The problem is the Army is growing so fast that the officers are 90 day wonders and clueless about what they're doing. The experienced NCO corps is spread so thin that often young officers are paired with NCO's that have little more experience than they do. The natural leaders intuitively know there is a zone between being a martinet and getting too close to the men, and that's where they live.
Agreed. Seems like we see this recycle during every major conflict. Remember shake and bake NCOs during Vietnam? I was very lucky as a young Infantry butter bar post Vietnam assigned to an Infantry Battalion with only a handful of seasoned NCOs on hand. My PSG and two of my E-6 squad leaders being among them. Both of those squad leaders were fresh from assignment with the 1st Ranger Battalion. My PSG had multiple combat tours in Vietnam under his belt. I was extremely fortunate and my education level as a young officer benefited immensely. Some of my peers had junior E5s as PSGs and E-4s with less than 2 years service as squad leaders. That’s what Carter’s post Vietnam Army looked like. We were broke in so many ways.
The NCO corps was slowing re-establishing itself after what happened in Vietnam. By the end of the seventies a lot of the damage had been undone. I was lucky too and worked with some damn fine NCO's.

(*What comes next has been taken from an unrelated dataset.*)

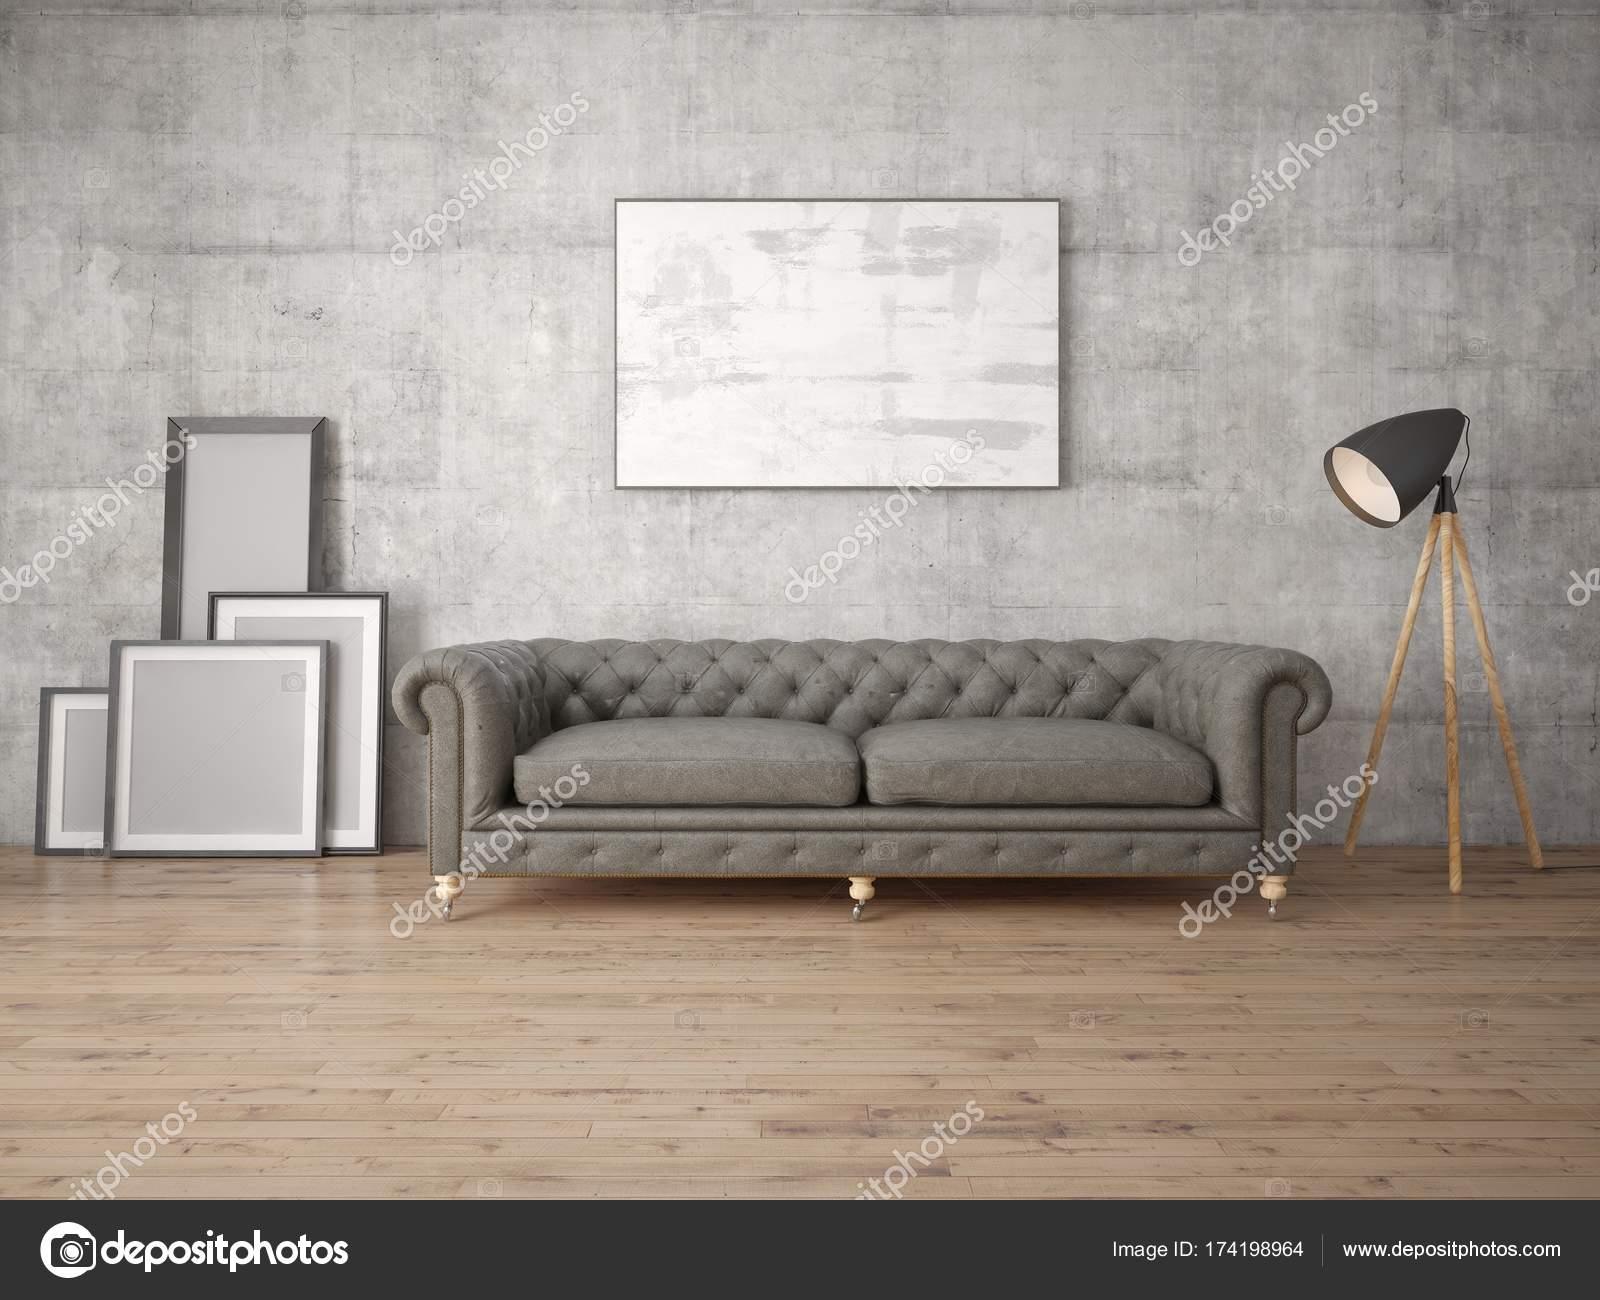 Venta de sofas modernos online dating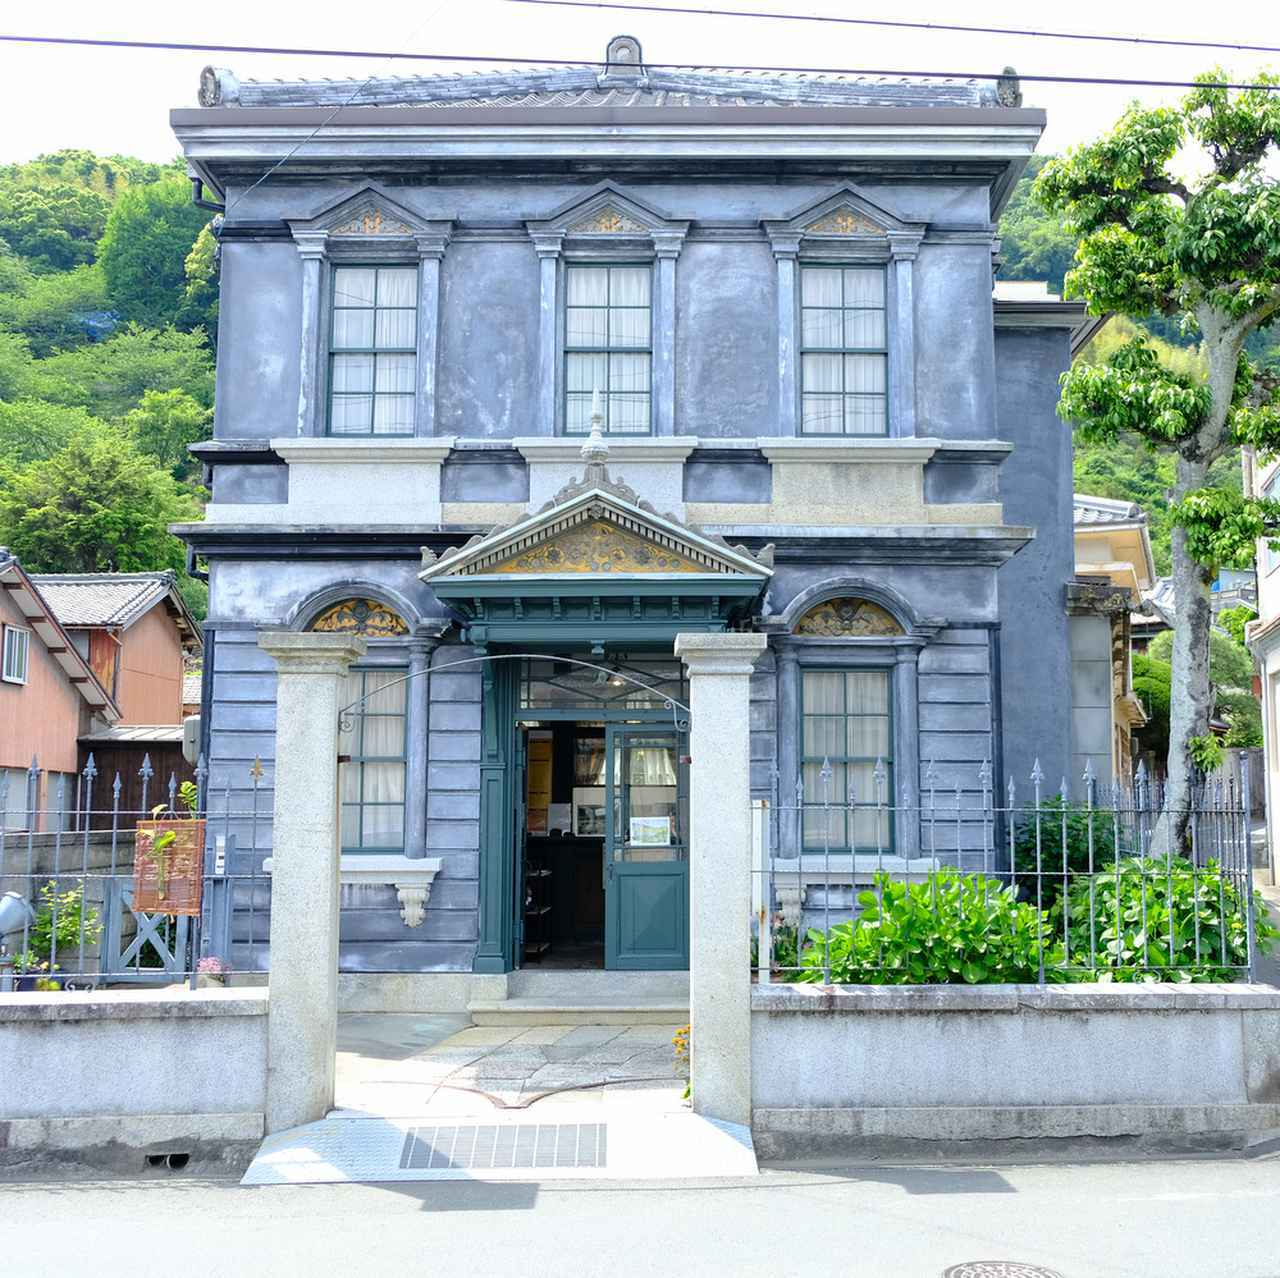 画像: 旧白石和太郎邸。紡績工場や大峰銅山の鉱山経営で財を成した白石和太郎の洋館です。

I remember signing for firing pins when we signed out our weapons from the arms room. Same for radio batteries. All of our rolling stock was dogged out, beat up leftovers from Vietnam. If we rolled out the gate to the field with 70% of our people and equipment, it was a good day. Battalions took turns borrowing each others’ soldiers and equipment to conduct their annual ARTEPs. We were damned glad when Reagan became President, although it took several years before we saw real changes in equipment, training, etc...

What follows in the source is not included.